Start of Dataset section

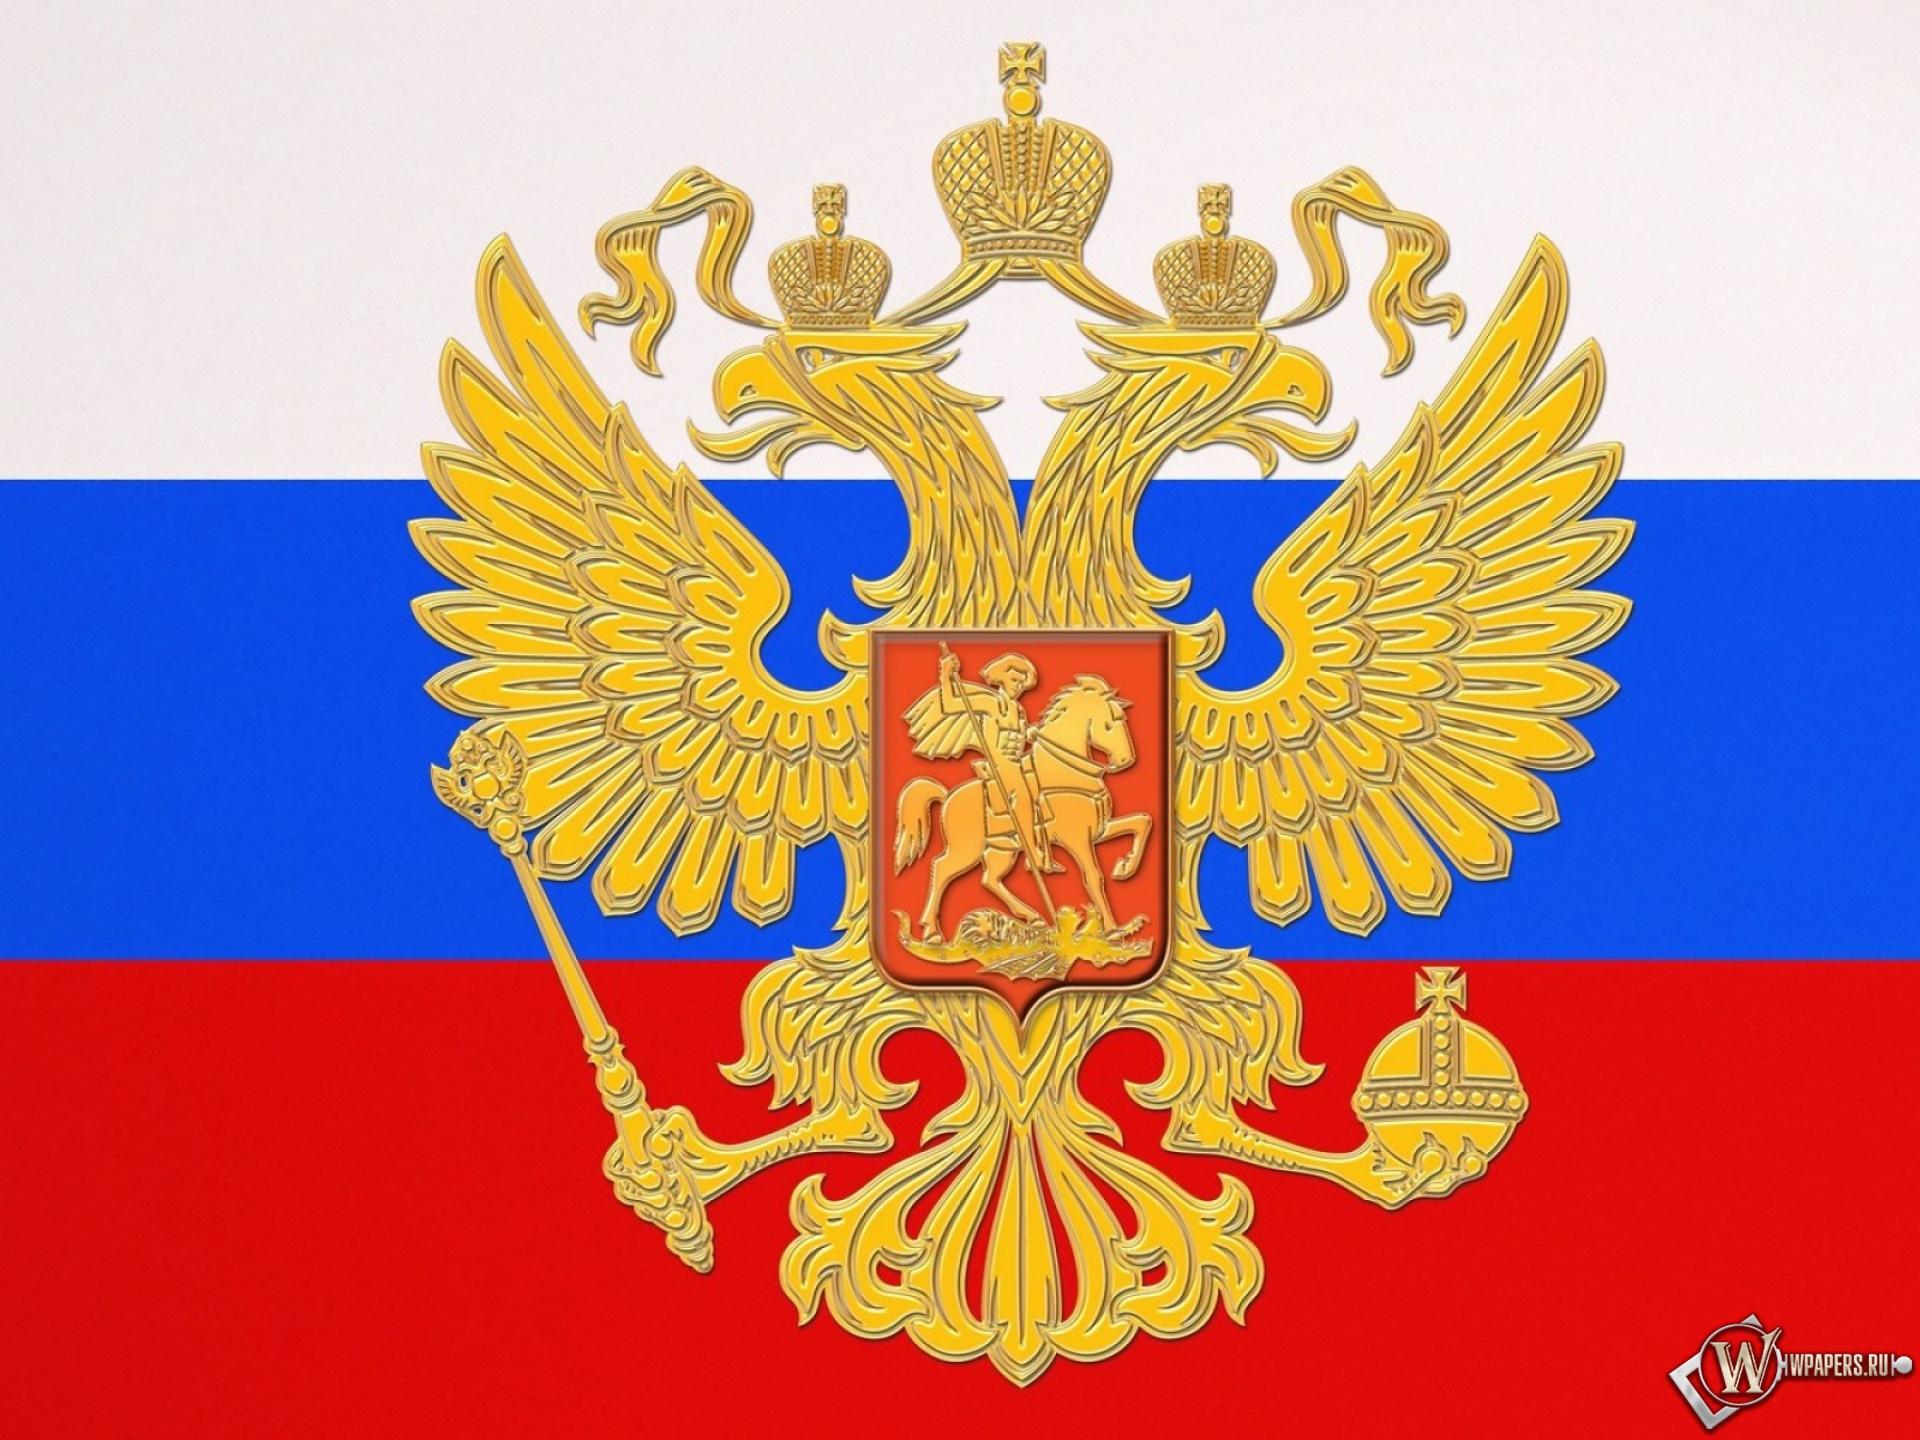 Флаг России 1920x1440
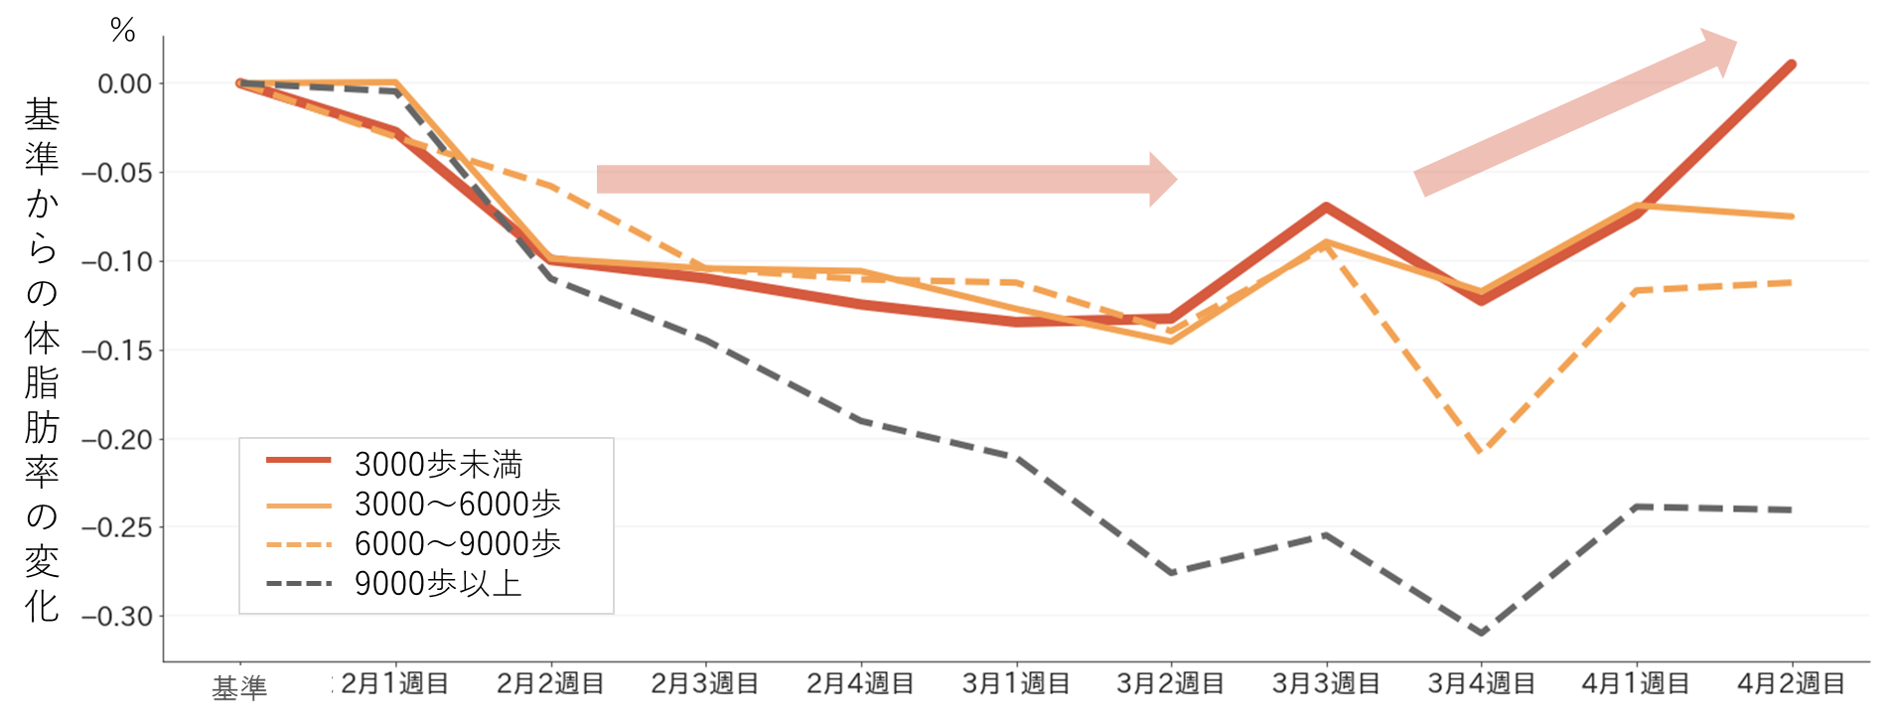 (図4)歩数カテゴリーごとの体脂肪率の変化
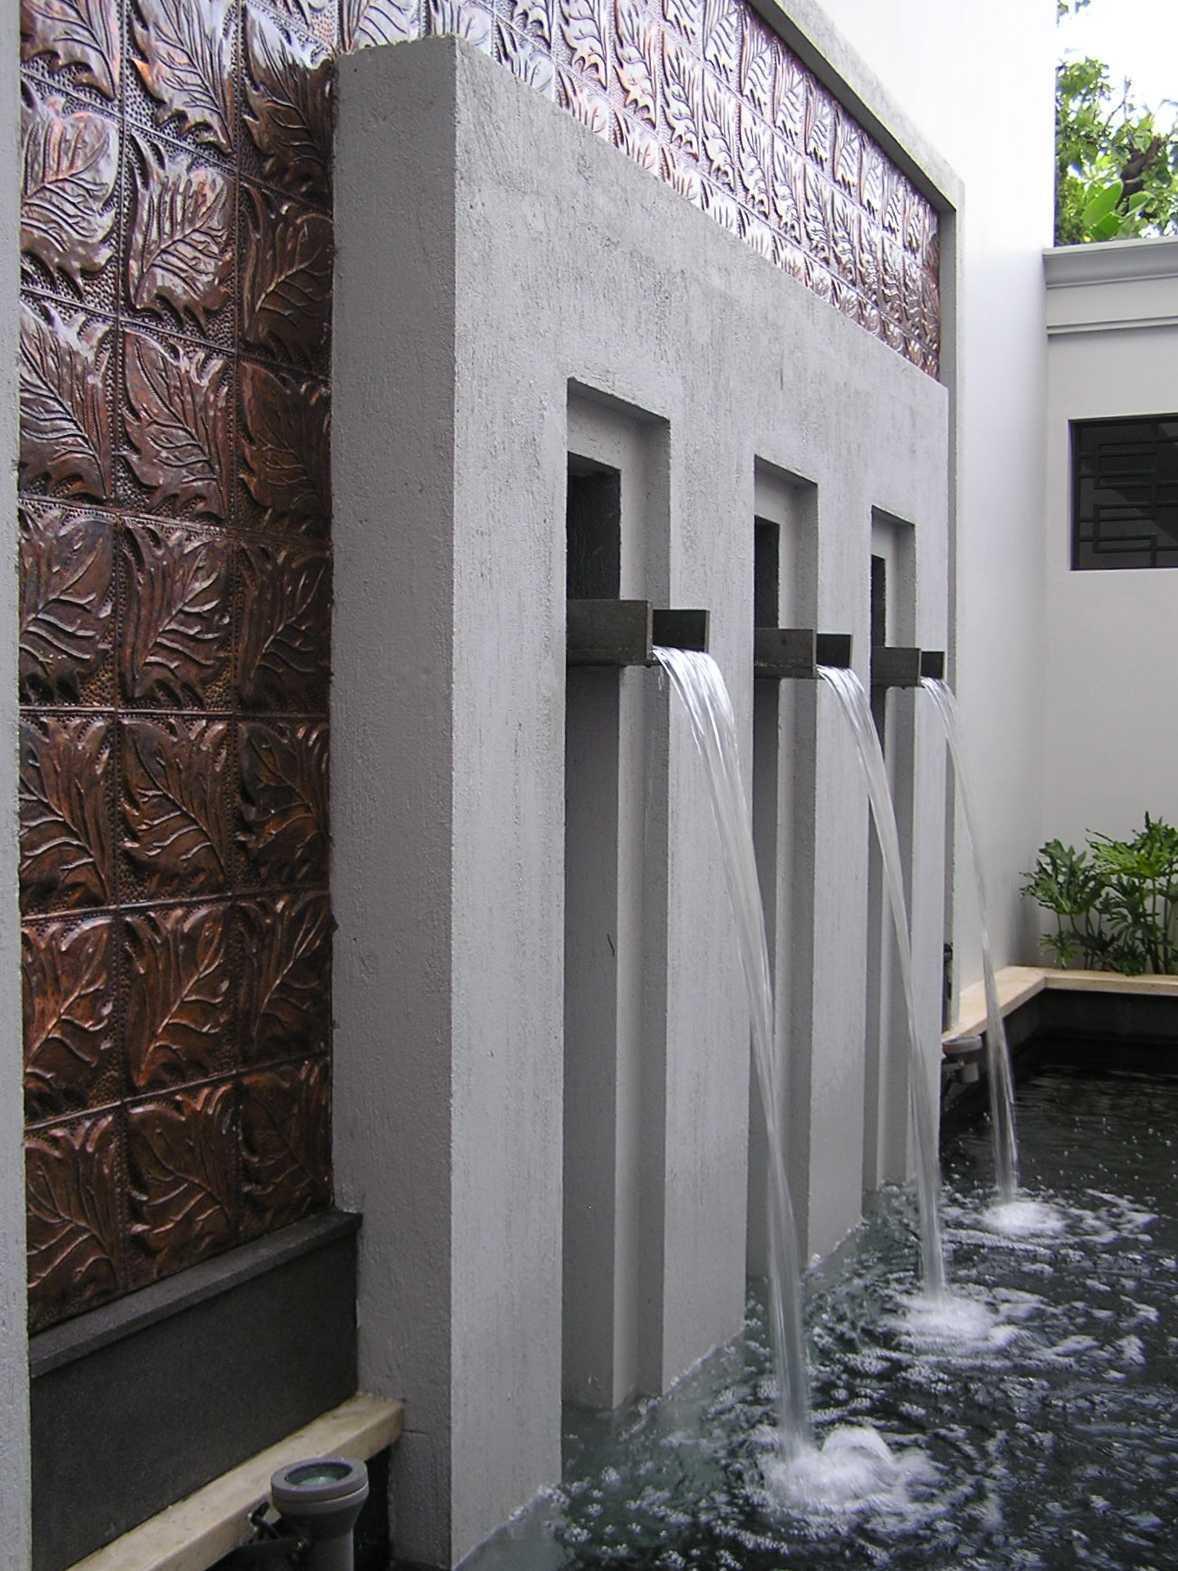 Pt. Garisprada Pondok Indah Residence Pondok Pinang, Kebayoran Lama, South Jakarta City, Jakarta, Indonesia Pondok Indah Waterfall Modern  21881
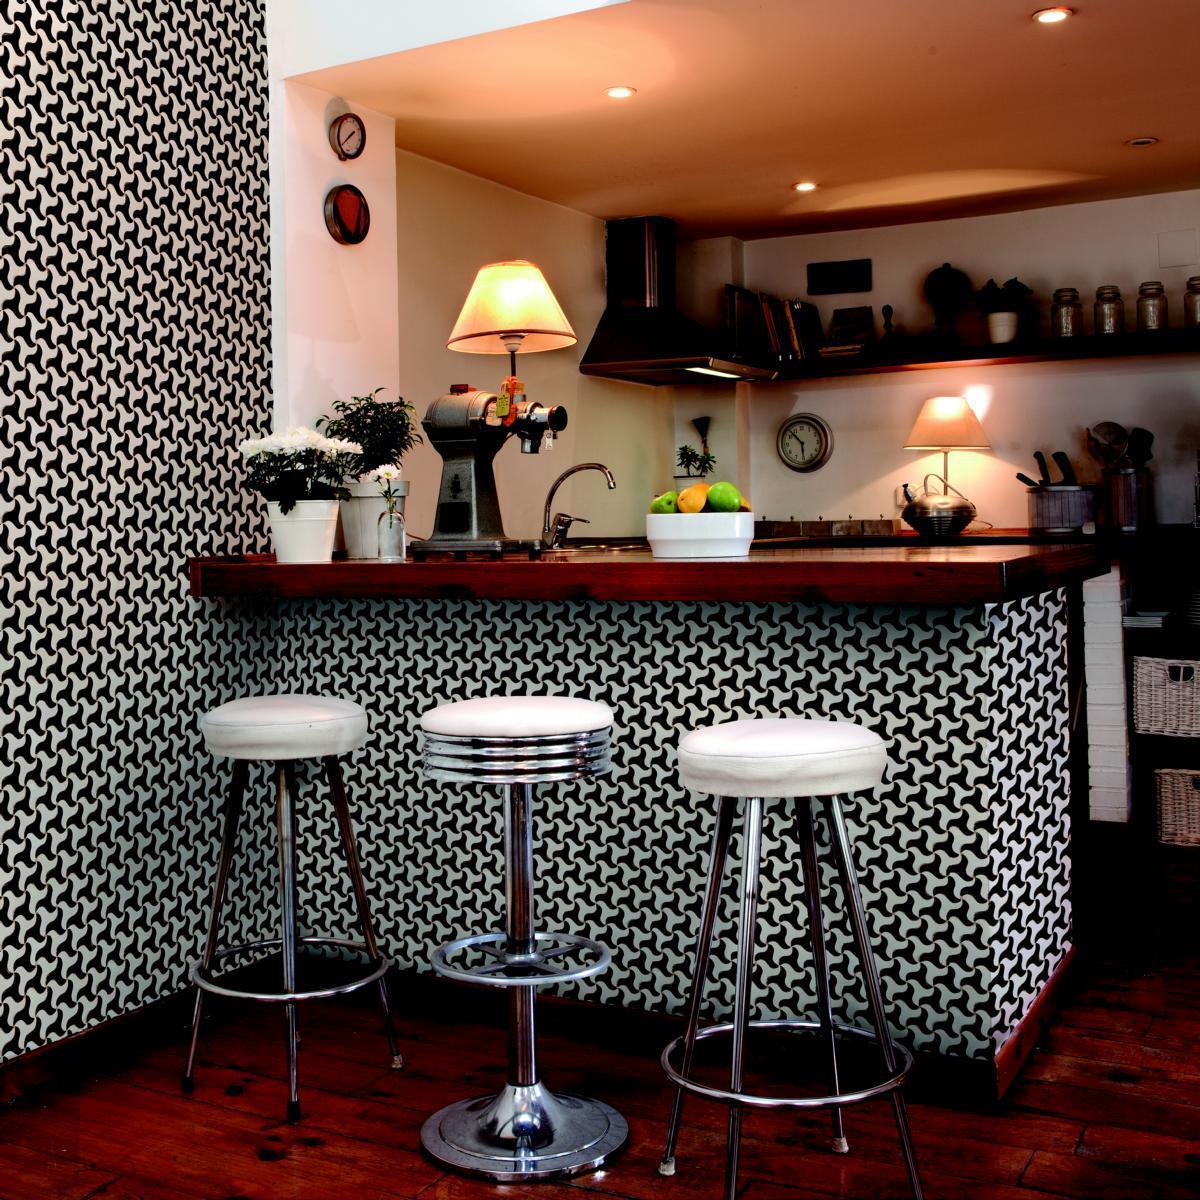 Full Size of Küchen Tapeten Abwaschbar Welche Eignen Sich Fr Kche Fototapeten Wohnzimmer Für Die Küche Regal Ideen Schlafzimmer Wohnzimmer Küchen Tapeten Abwaschbar

End of Dataset section

**Exercise prompt:**
Transcribe all of the lines above exactly as given. The pictures stay out.

**Finished task:**
 Флаг России 1920x1440
 (図4)歩数カテゴリーごとの体脂肪率の変化
 Pt. Garisprada Pondok Indah Residence Pondok Pinang, Kebayoran Lama, South Jakarta City, Jakarta, Indonesia Pondok Indah Waterfall Modern  21881
 Full Size of Küchen Tapeten Abwaschbar Welche Eignen Sich Fr Kche Fototapeten Wohnzimmer Für Die Küche Regal Ideen Schlafzimmer Wohnzimmer Küchen Tapeten Abwaschbar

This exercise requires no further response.